Hey everyone, Chris the web guy here. There’s a lot to consider when you’re putting together your site’s marketing strategy, and you’re going to hear (and probably have heard) a bajillion tips already. Good. Listen to them, digest them, and when it comes to the best practice stuff like proper markup, make sure you follow them. However, none of that is going to do you a bit of good if your content is poorly written or stale. In fact, it may just hurt you: Google has recently announced an “Over Optimization Penalty” for folks who focus more on SEO than giving users what they’re searching for.
So, how do we make good content that will place well in Google’s new enhanced search algorithm?
Forget keywords; think key phrases and synonyms.
Google advised a long time ago that the meta keywords tag is not even processed by their crawlers. If you haven’t shifted away from a keywords approach yet, you’re already behind in the game. With their push to enhance synonym results for search, the total context of your posts becomes ever more important. Make a clear statement in your opening paragraph, and restate it before you close your piece, in slightly different language.
Creating quality content is more important to your Google SEO than stuffing your post full of keywords and tags.
Another important part of keyphrasing is answering questions. It’s a common practice in semantic search these days to type out the search query in the form of a question. This article gives you some quick tips on how to see what questions people are asking to get to your site. Given that knowledge, use their questions in your post, and answer them.
How do I create quality content that will get good Google results? By clearly stating your core proposition in several ways, and answering the question searchers are asking.
Don’t sell; educate.
Whether you have a product, a service, or just a simple blog tracking your non-profit organic chicken farm’s egg production, people do not come to your website for advertising. They come for information. If your posts and page content gives them the information they’re seeking, you already have a customer, whether there’s any transaction right that second or not. What’s more, the more comprehensive your site’s information is, the more valuable a resource Google thinks it is for answering similar questions. There are a couple of things your site should have no matter what:
- An FAQ – Seriously, unless you simply have never answered a question in conjunction with your site, product, or service, this is a critical need. Google is attempting to provide straight up definition results as often as possible, and an FAQ can both answer the question as noted above, but also be included in their definition responses.

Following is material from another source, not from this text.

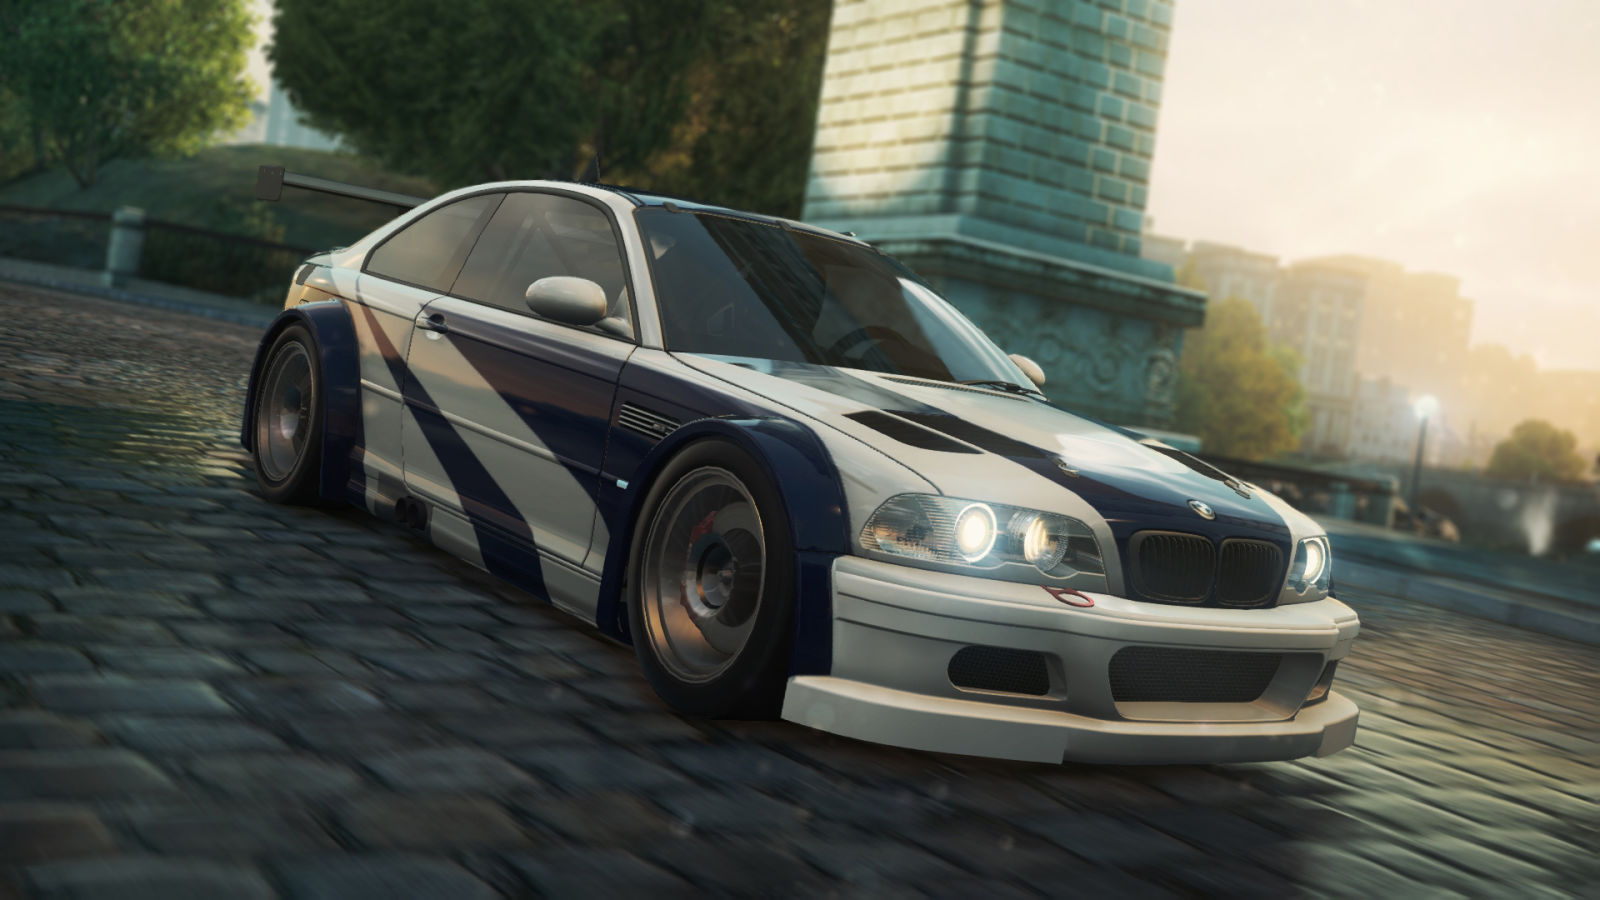 Photo from the NFS Wiki

- Guides, Tips, and Tricks – Cracked.com has mastered the simple list format; a quick look through their archive shows hundreds of articles such as “The 5 things that might kill you but won’t because they’re old wives tales except they’re actually true and you’re really going to die.”, or something like that. As simple and cliche as that formula is, it works really well because it promises the reader both interesting information, in a concise and digestible amount. Once again, these pages answer questions, which draws both click-through, and higher ranking.
- A Blog – I almost didn’t include it, because it really should be common sense at this point. No matter what type of business you have, nothing is going to give you better results for everything we’ve discussed here, plus keep your freshness rating with Google high. (Pro-tip: freshness is really, really important to Google). If your site is simply a show case for your product, and you’re not turning over high volume a la MegaConglomerateCorp.com, stale pages are a fast track to page 100. Some SEO Cowboys (along with actually useful people) suggest that if you have posts older than two years, it’s beneficial to use 301 redirects to point to more current posts on the same topic.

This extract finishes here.